Chief Judge ROGERS also cites Johnson v. District of Columbia, 580 A.2d 140, 143 n. 4 (D.C.1990), for the same proposition as Nichol Johnson was another classic rescue case, involving the failure of an ambulance properly to respond to a call from the plaintiff’s decedent. The passage on which the majority relies cites Nichol and my discussion of Nichol applies to it as well.
. See Warren, supra note 4, 444 A.2d at 7. See also District of Columbia v. Woodbury, 136 U.S. 450, 10 S.Ct. 990, 34 L.Ed. 472 (1890) (District liable for negligent maintenance of public streets directly injuring plaintiffs); Booth v. District of Columbia, 100 U.S.App.D.C. 32, 241 F.2d 437 (1956) (same); Spencer v.

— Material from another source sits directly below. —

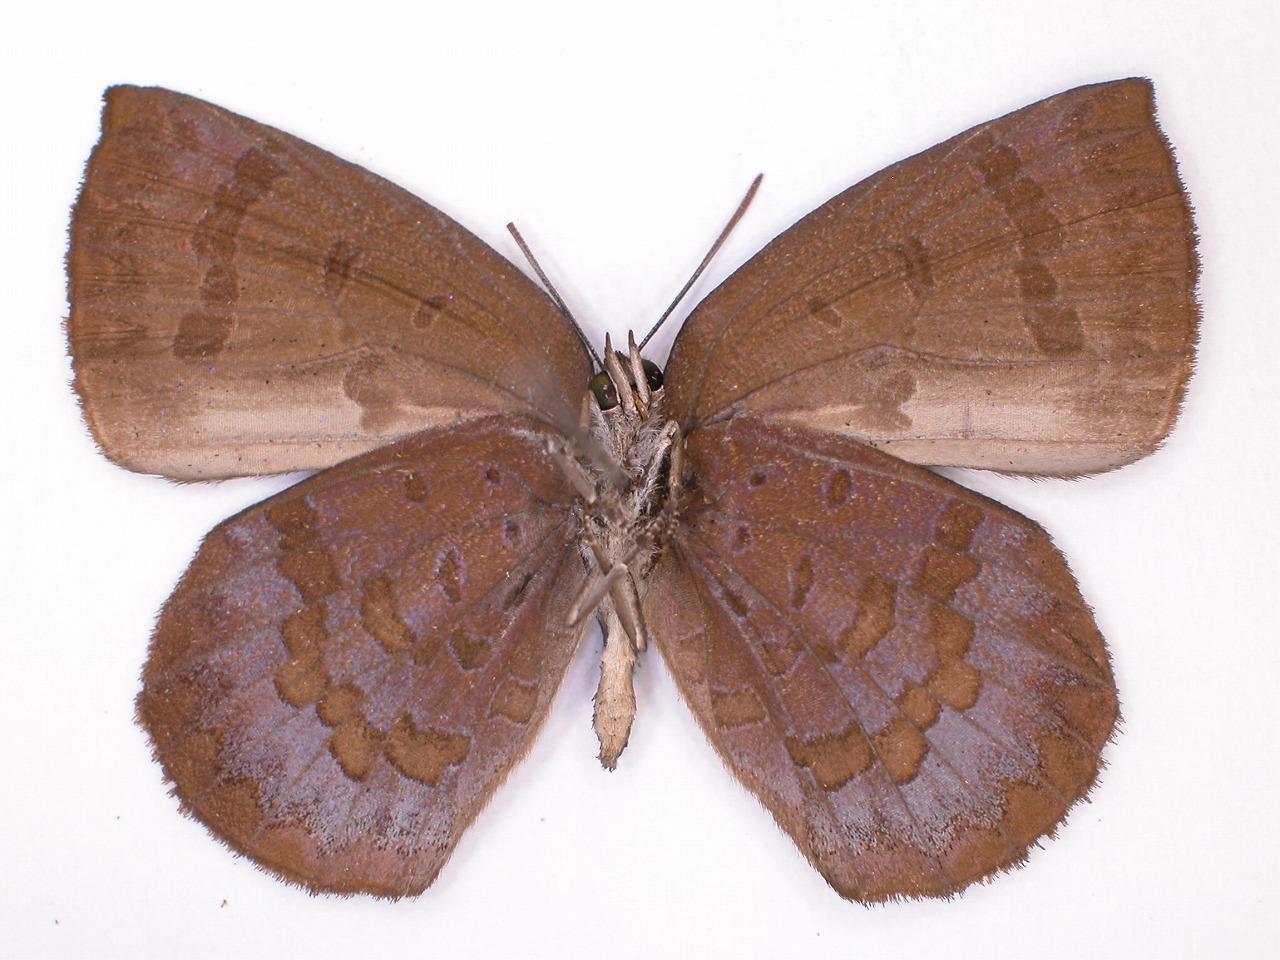 https://www.hitohaku.jp/material/l-material/butterfly-wing/5-lycaenidae/B1-638585_B.jpg

General Hosp., 138 U.S.App.D.C. 48, 53, 425 F.2d 479, 484 (1969) (District liable for negligent provision of medical services worsening plaintiffs condition); Elgin v. District of Columbia, supra note 1, 119 U.S.App.D.C. at 120, 337 F.2d at 156 (District liable for negligent maintenance of schoolyard fence directly injuring child).
. Ms. Powell testified in her deposition that the taxicab driver "charged us 15 [dollars]. He only charged us $15 because that is all we had."